You must however be in a "high-deductible health plan" (HDHP) for this to apply. You will want to look carefully at the advantages and disadvantages of such a plan. In my case, it was pretty clear that my health provider's HDHP's are disadvantaeous relative to their standard plans, for me. The kicker is that once I shifted down to the high-deductible plan, I was not allowed to shift back up to the standard plan in the future, so you sort of lose your position within their care system, and in a major medical situation this could cost a whole lot.

This is just one of many possible factors. For many the health plan characteristics are not as big a deal, and the HSA deduction is highly desirable.

Steve

Reply to
Steve Pope

Schedule A lets you deduct only medical expenses over 7.5% of AGI.

An HSA can be applied starting with the first dollar spent.

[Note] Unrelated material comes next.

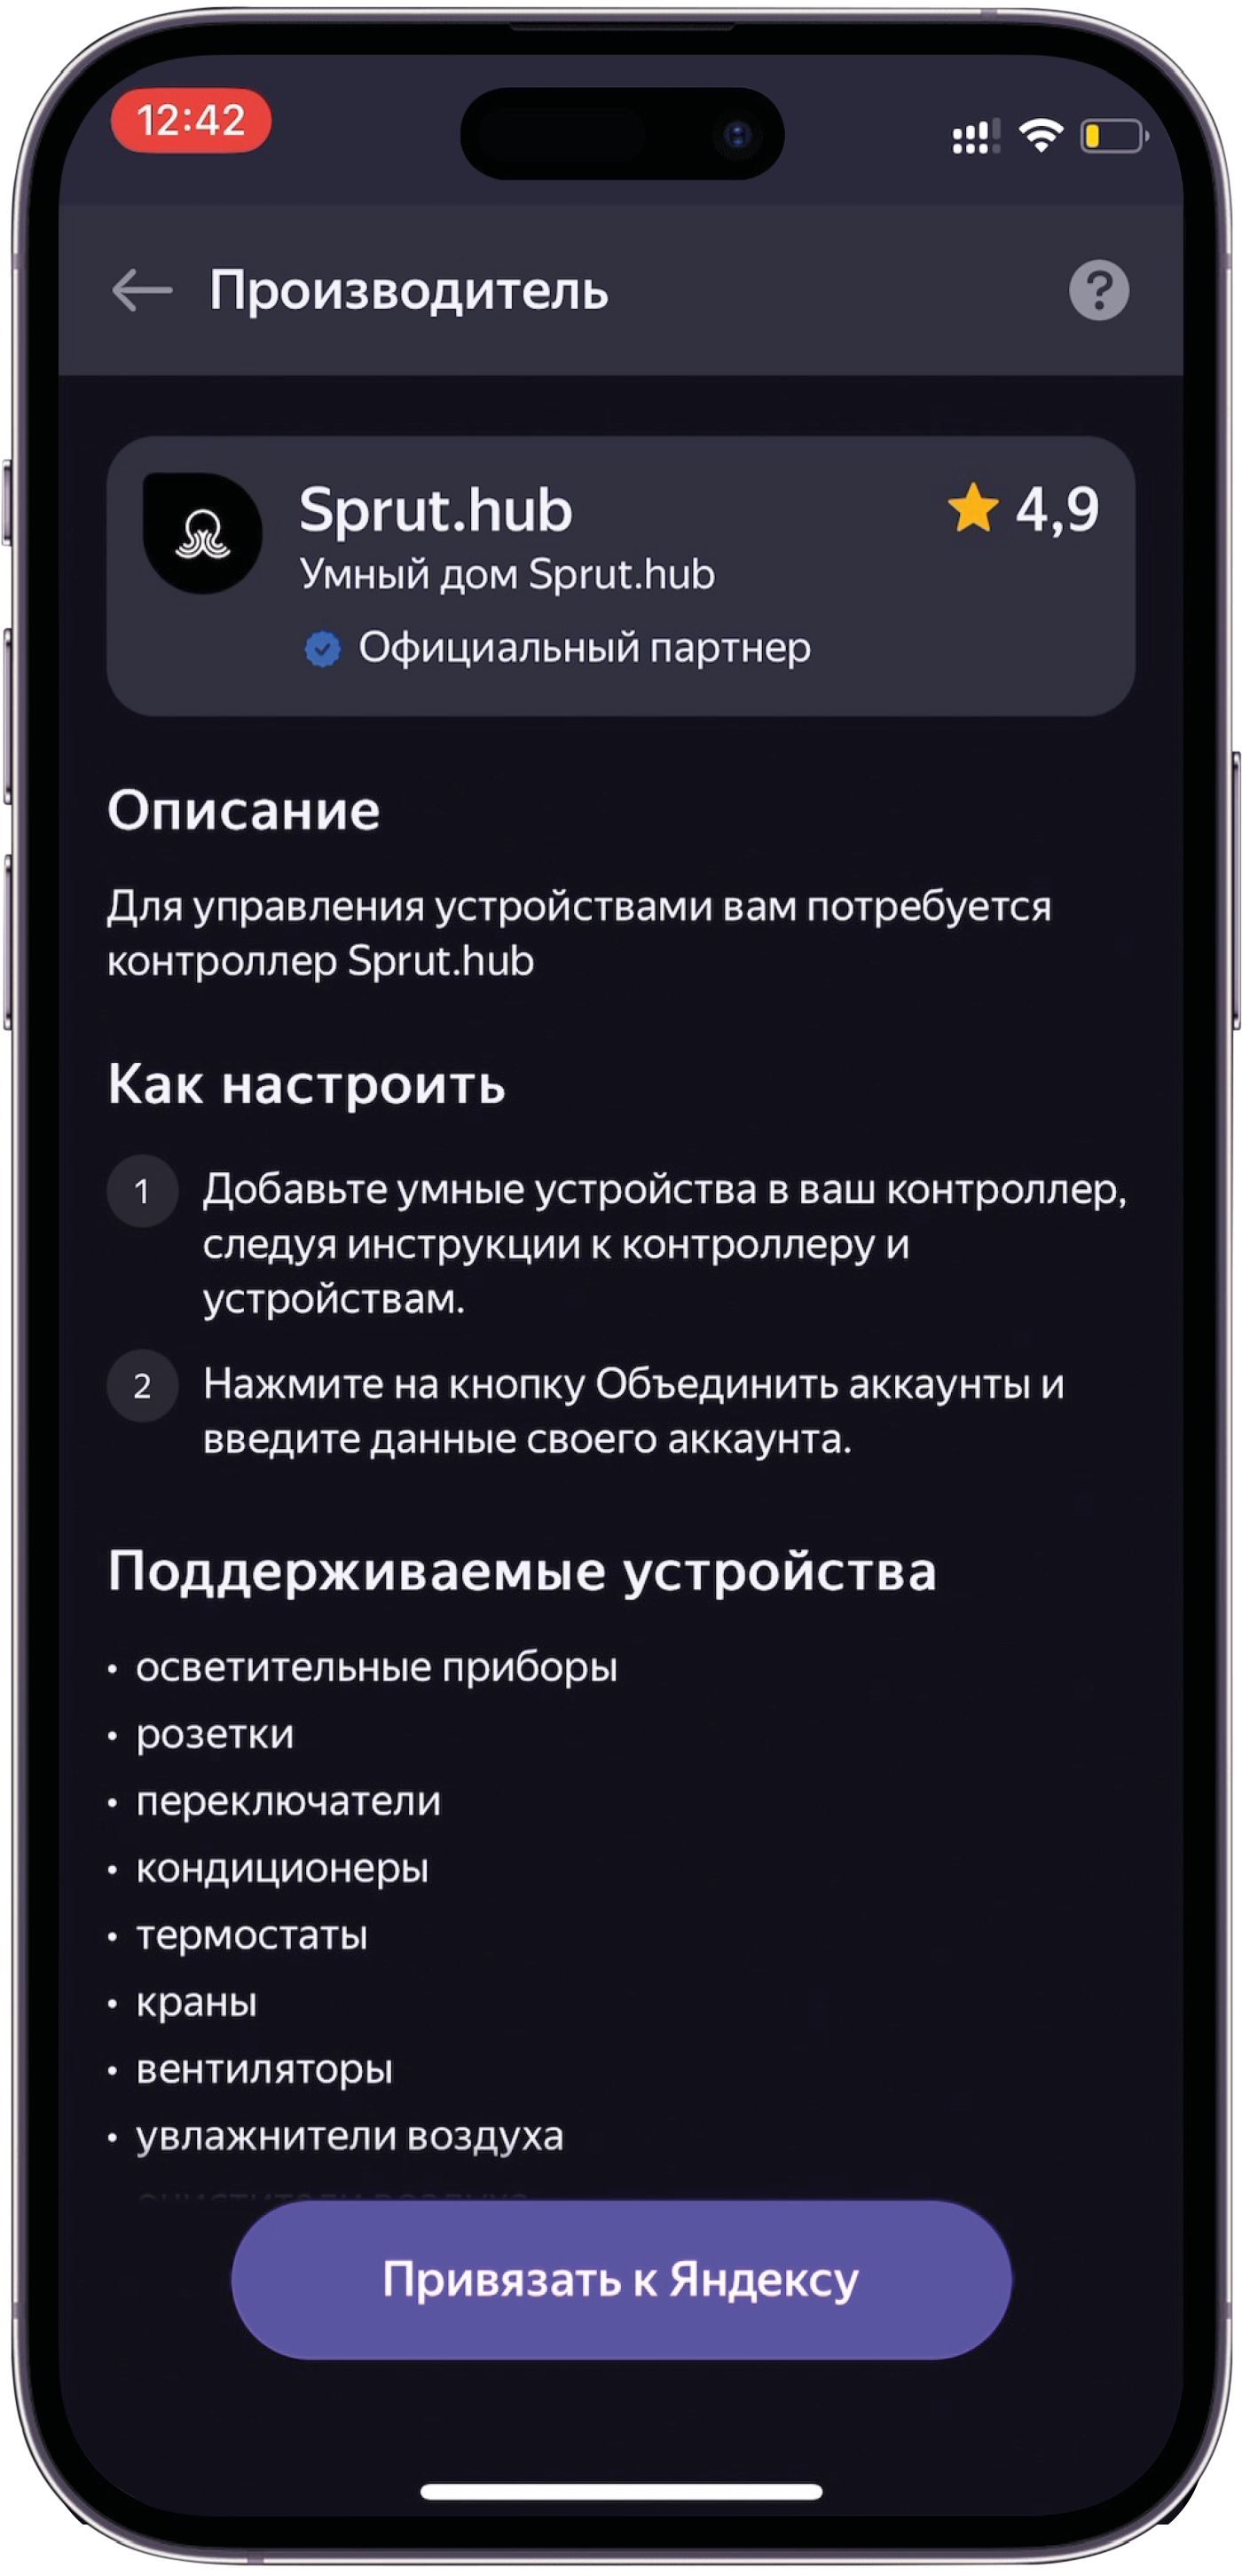 Нажимаем кнопку “Привязать к Яндексу”.

For me, this is a key advantage of an HSA.

Reply to
MyVeryOwnSelf

That's why I contribute to a medical FSA (Flexible Spending Account). It's limited (at least at this employer) to $5000, but it's an adjustment to wages, so it doesn't even appear explicitly on the 1040 or W2.

(If I have a double-signature, please delete it. I don't recall my Google groups signature.)

-- Arthur L. Rubin

Reply to
Arthur Rubin

Although an FSA plan is generally use it or lose it. An HSA stays around as long as you do, and then some.

Reply to
Arthur Kamlet

On Tue, 6 Jan 2009 13:53:05 EST, snipped-for-privacy@speedymail.org (Steve Pope) wrote Re Re: HSA advantages?:

Thanks Steve and MyVeryOwnSelf. I understand how it works now.

Vic

Reply to
Vic Dura

Andy writes:

I just wanted to caution you that the "high deductible" insurance plan that qualifies you for the HSA must NOT have a prescription drug benefit.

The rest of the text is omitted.